Wu Receives NSF Funding to Advance Detection of COVID-19 Symptoms Remotely

Aug 07, 2020

A University of Maryland expert in digital forensics and signal processing has received funding from the National Science Foundation to advance telehealth services by incorporating a novel video technology to virtually detect a patient’s physical symptoms.

Min Wu, a professor of electrical and computer engineering with an appointment in the University of Maryland Institute for Advanced Computer Studies, is principal investigator of the $152K multi-institution interdisciplinary award. She is collaborating on the project with Donald Milton, a professor in the School of Public Health who is an expert in respiratory epidemiology, and researchers at University of Maryland School of Medicine and North Carolina State University.

Initially, Wu developed new algorithms that use video sensors to track heart rate for applications in sports and law enforcement. She coined this line of research “physiological forensics” in a keynote speech she delivered in June at the virtual ACM Workshop on Information Hiding and Multimedia Security.

Due to the rising need of remote medical care, Wu will now apply physiological forensics to telehealth with new funding from the NSF Rapid Response Research initiative, which aims to mobilize the scientific community in response to the current coronavirus pandemic.

Employing novel contact-free video sensing, the researchers will collect first-of-its-kind data to understand physiological conditions related to COVID-19 and similar diseases.

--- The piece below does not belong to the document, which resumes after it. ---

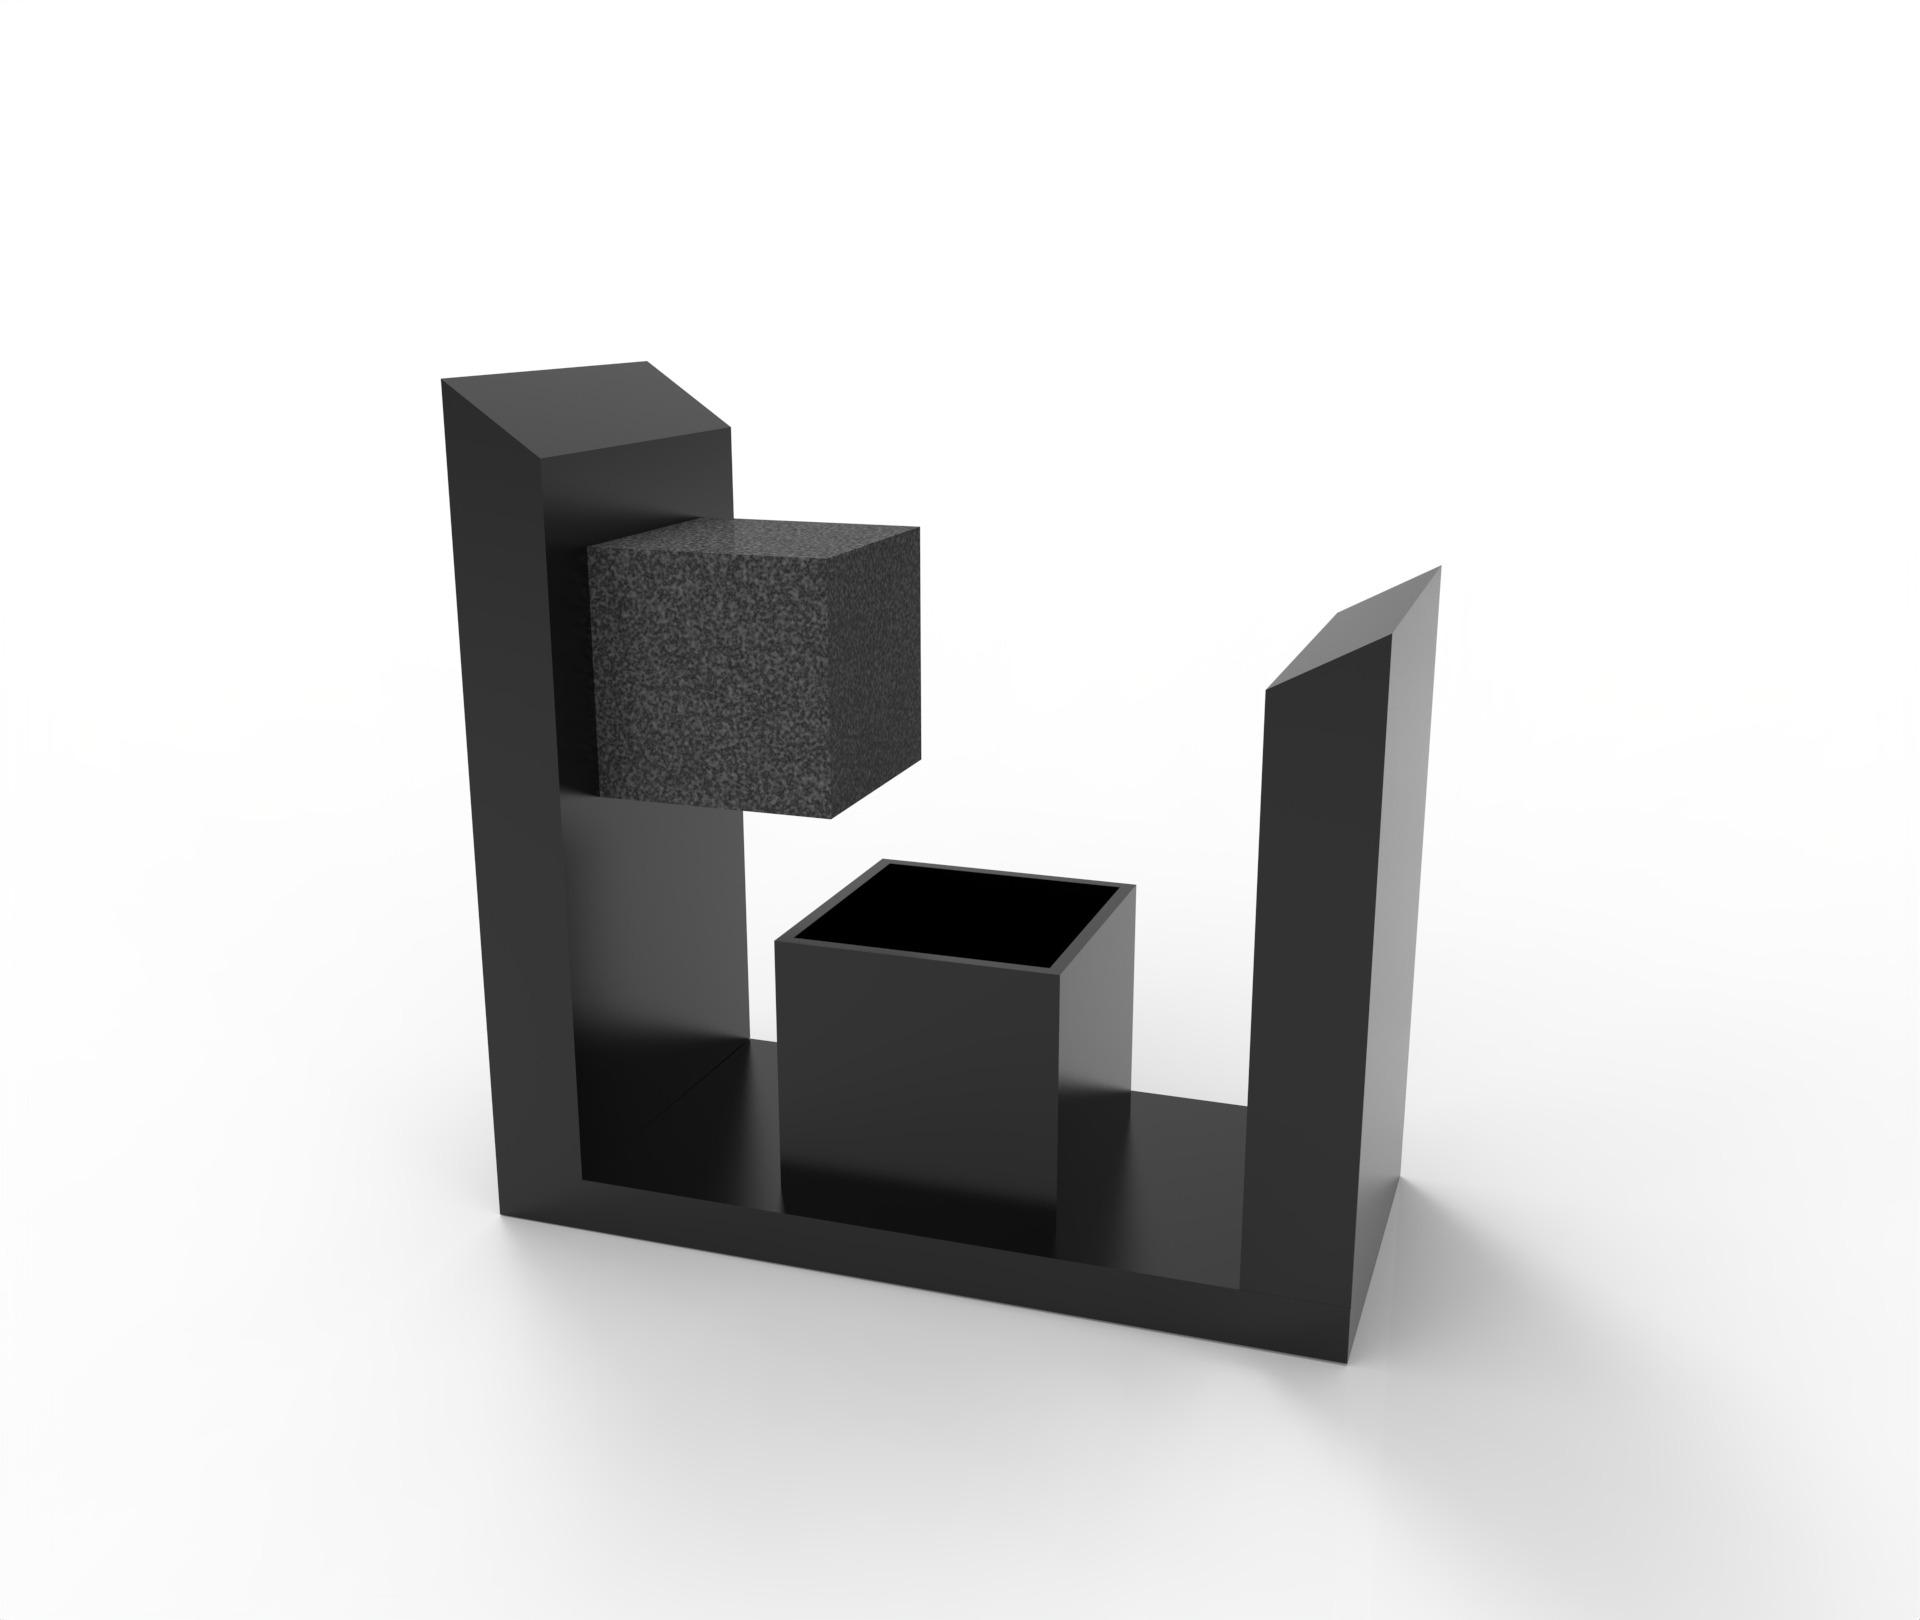 Digital Prototype 2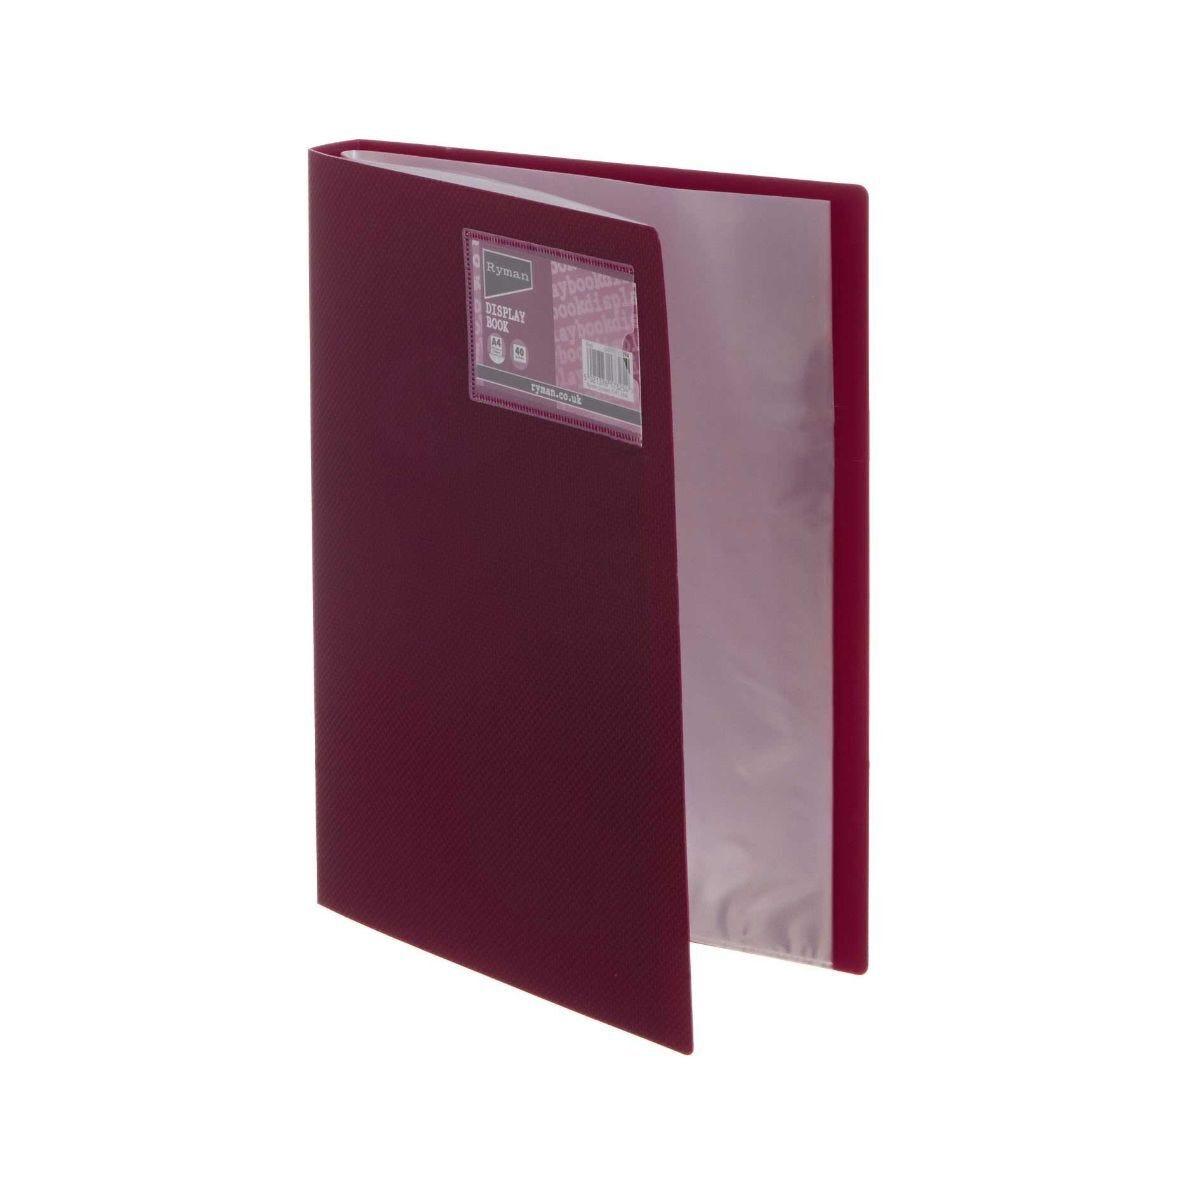 Ryman Display Book A4 40 Pocket Red

The researchers will use low-cost consumer-grade cameras to collect data on patients’ physiological conditions–including respiration rate, heart rate and blood oxygen saturation levels.

The technology provides an important missing component in telehealth that will enhance the remote interaction between medical providers and their patients, say the researchers, while addressing the recent surge in remote medical care.

Wu believes that by advancing telehealth technology like the project she is working on, healthcare professionals will be able to manage future epidemics more effectively. Furthermore, increasing the accuracy and accessibility of telehealth services will decrease hospital overcrowding, help citizens better adhere to socially distancing rules, and improve their overall quality of life.